TASK OBJECTIVE: Output must consist only of the lines of the material below from the one with "SAMMLUNGEN o, BRIEF, gestempelte" through the one with "AEG LAV41150 User Manual", each reproduced exactly; no pictures belong in it.

SUPPLIED MATERIAL:
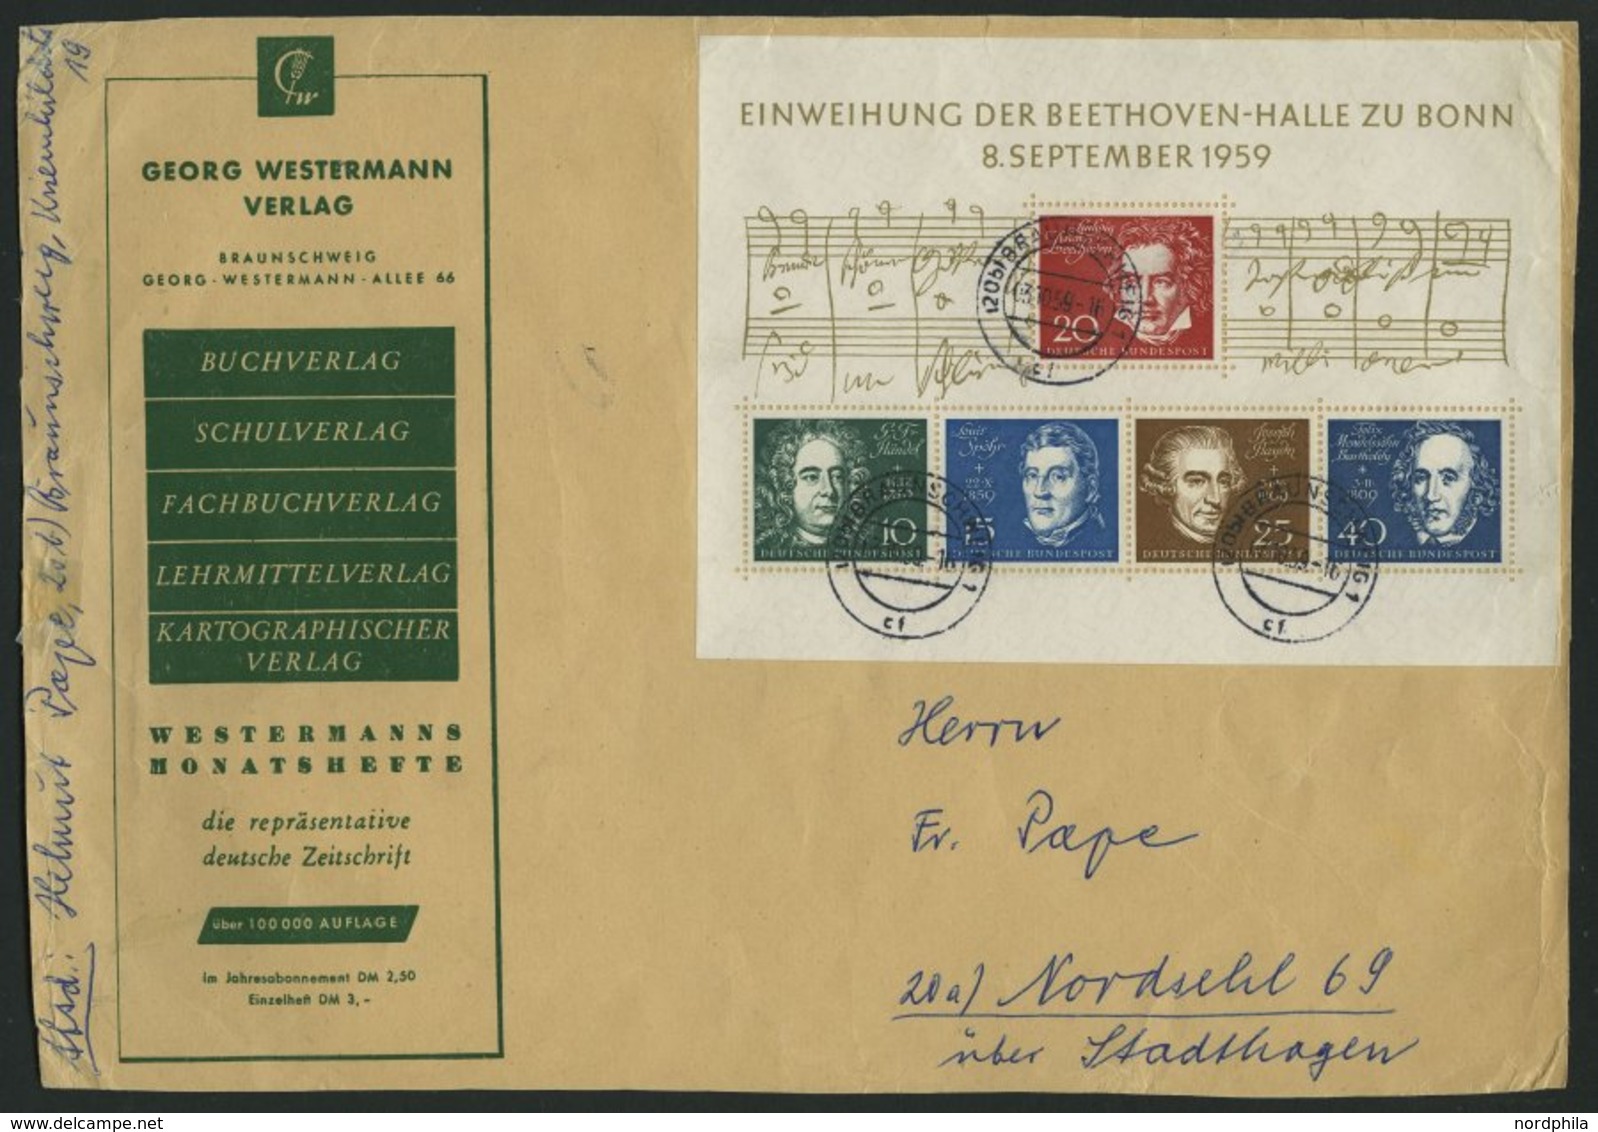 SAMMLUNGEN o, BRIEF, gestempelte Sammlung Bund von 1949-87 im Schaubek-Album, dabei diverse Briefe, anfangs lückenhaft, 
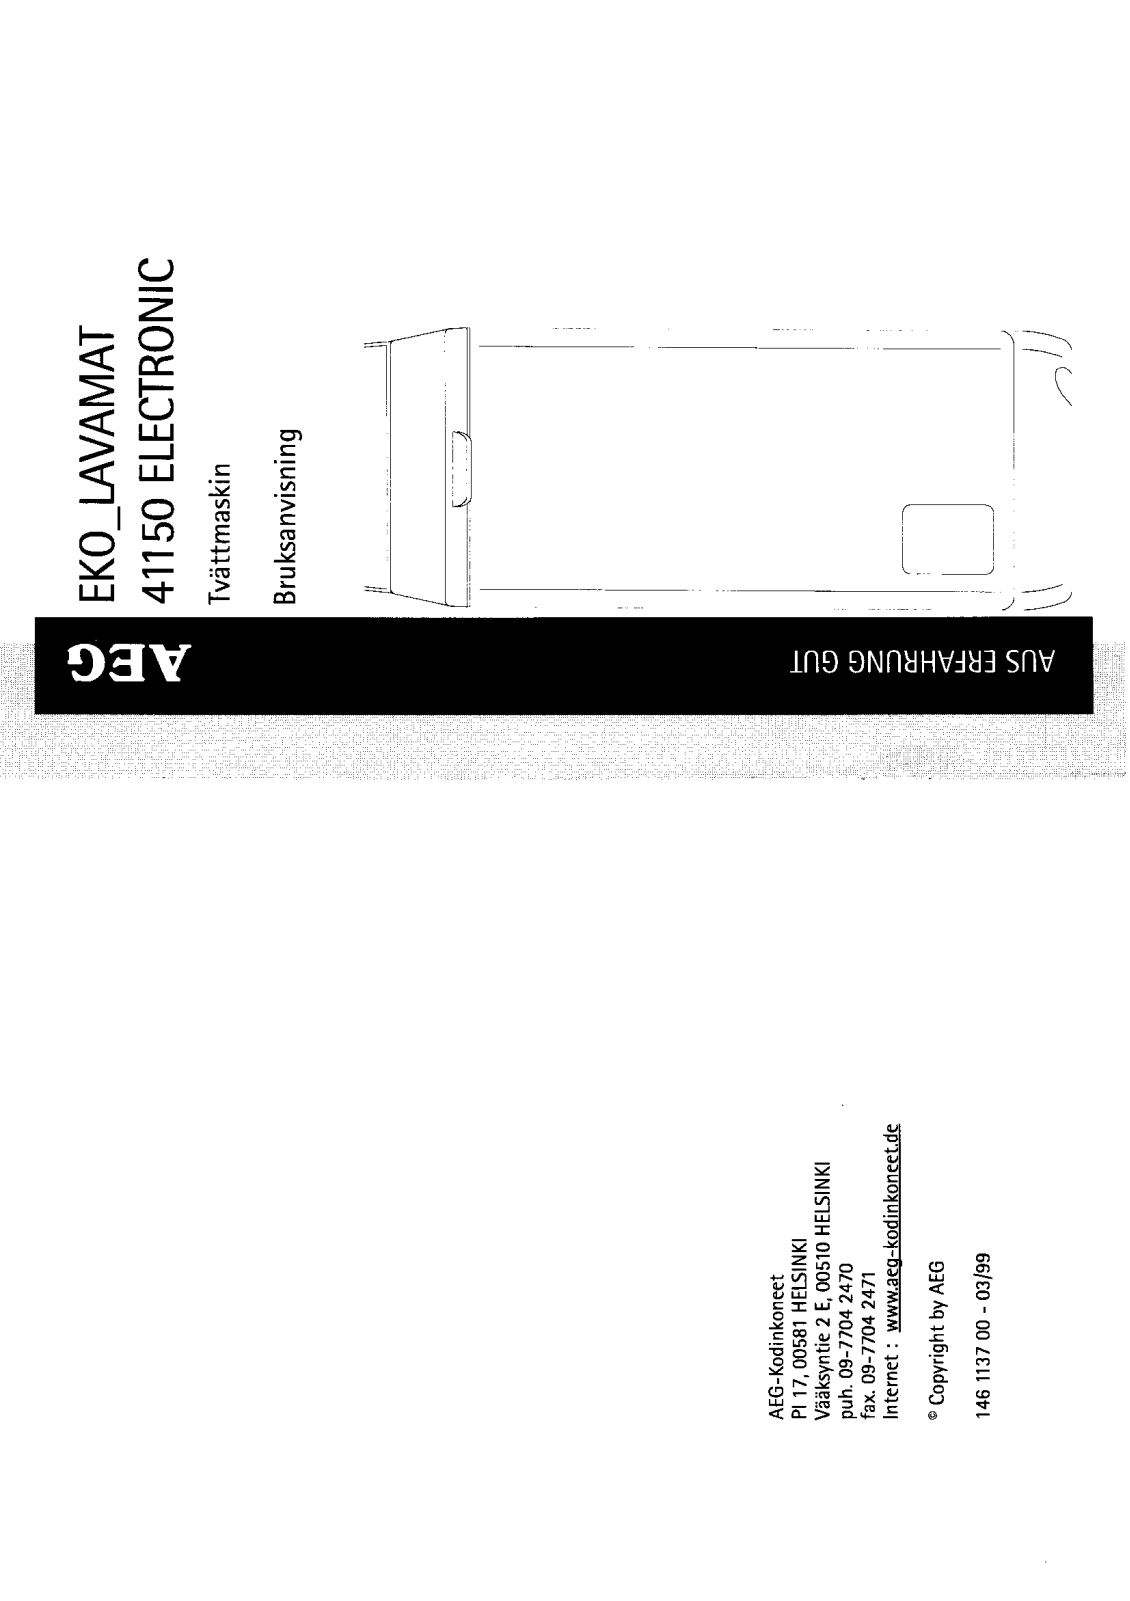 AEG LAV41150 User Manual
...
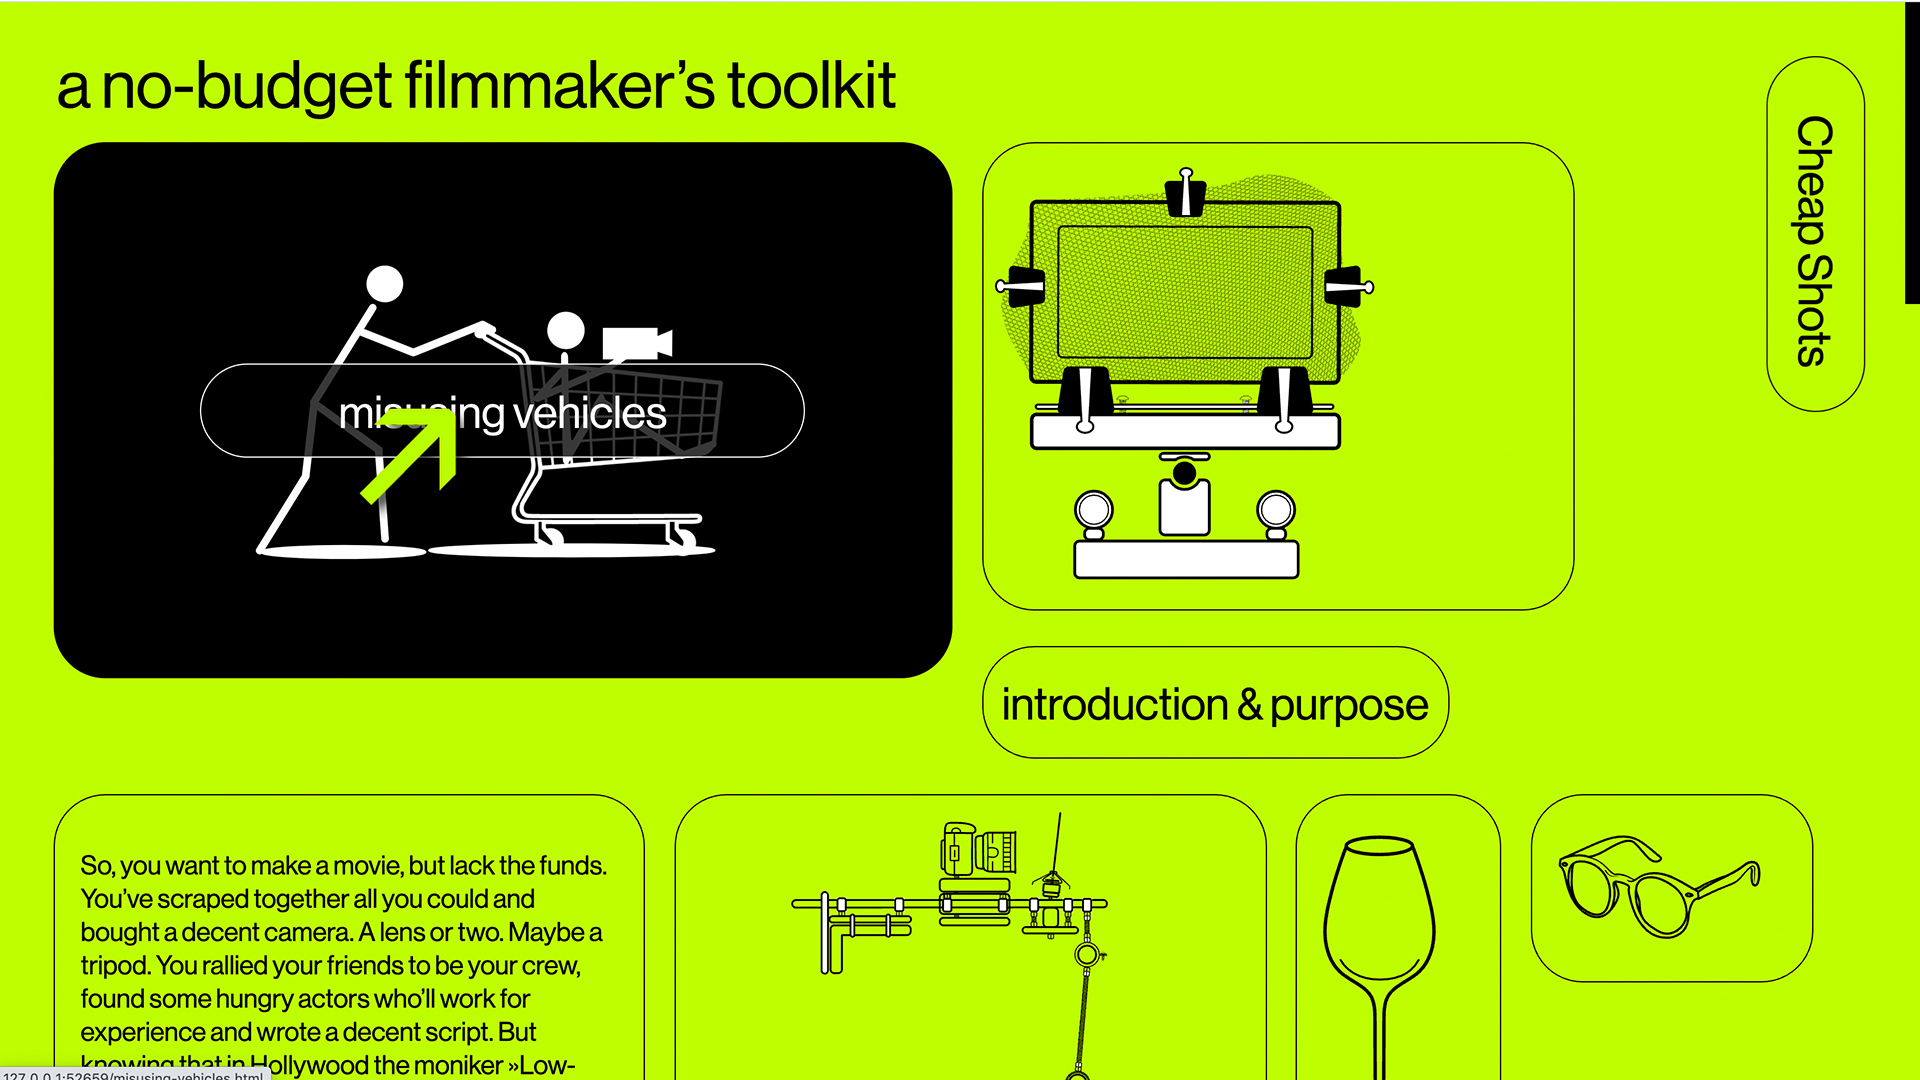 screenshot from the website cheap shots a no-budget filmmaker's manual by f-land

REPLY TO THE TASK:
 SAMMLUNGEN o, BRIEF, gestempelte Sammlung Bund von 1949-87 im Schaubek-Album, dabei diverse Briefe, anfangs lückenhaft, 
 AEG LAV41150 User Manual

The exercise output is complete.